Frankly it often seemed the better world to occupy. I still love the smell that a new book holds, sweet like sunshine, and the way the crisp paper sounds as you turn the pages.

So when the chance came up to do this challenge – it was okay how quick can I sign up.

I am going to reread the stories that floated through my childhood, carrying me to adventure, new places, interesting people, love, acceptance, other worlds.

One a month.

I am a bit behind so later today a trip to the library will be in order to find the one I have chosen as the first on the list.

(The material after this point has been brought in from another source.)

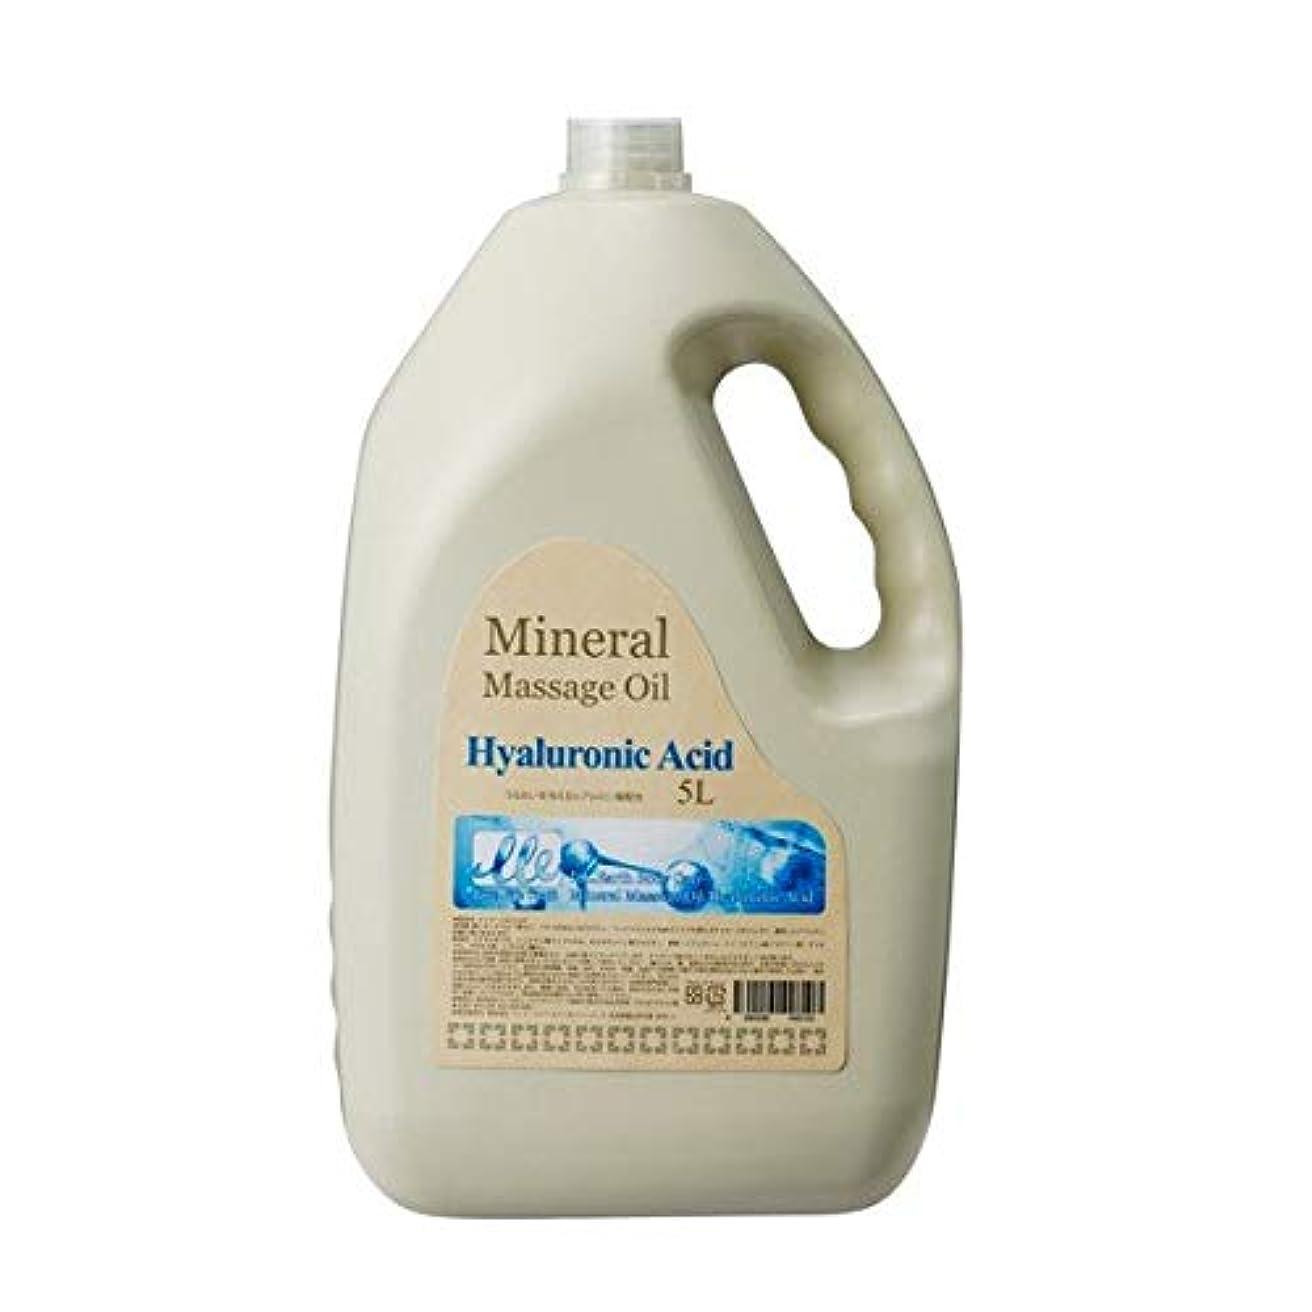 廃棄マイクガスLLE ミネラルマッサージオイル 業務用 ヒアルロン酸 大容量 5L マッサージオイル ボディオイル

There are a lot to chose from:

  • Black Beauty – reread and reviewed February, 2012
  • Little Women – reread and reviewed April, 2012
  • Little Vic
  • Born Free – reread and reviewed the 7th of February, 2012
  • Daktari
  • Peter Pan
  • A Bear Called Paddington
  • The Secret Garden – – being read as we speak
  • Old Yeller
  • Lassie
  • The Call of the Wild
  • White Fang
  • Winnie the Pooh (anything to do with Pooh) – read and adored for the May challenge.
  • The Borrowers
  • A Child’s Garden of Verses
  • Treasure Island – being read as we speak
  • Sherlock Holmes
  • The Three Musketeers
  • Kim
  • Rebecca – reread and reviewed 14th March, 2012
  • Mutiny on the Bounty – – being read as we speak
  • The Yearling
  • The Adventures of Huckleberry Finn
  • Around the World in Eighty Days
  • Wuthering Heights – – being read as we speak
  • A Wizard of Earthsea
  • The Swiss Family Robinson
  • Charlotte’s Web – – being read as we speak
  • The Jungle Book – – being read as we speak
  • Gulliver’s Travels

Now those are just some of my reading history…

I hope you’ll join me as I reread and remember some of these wonderful adventures of my past…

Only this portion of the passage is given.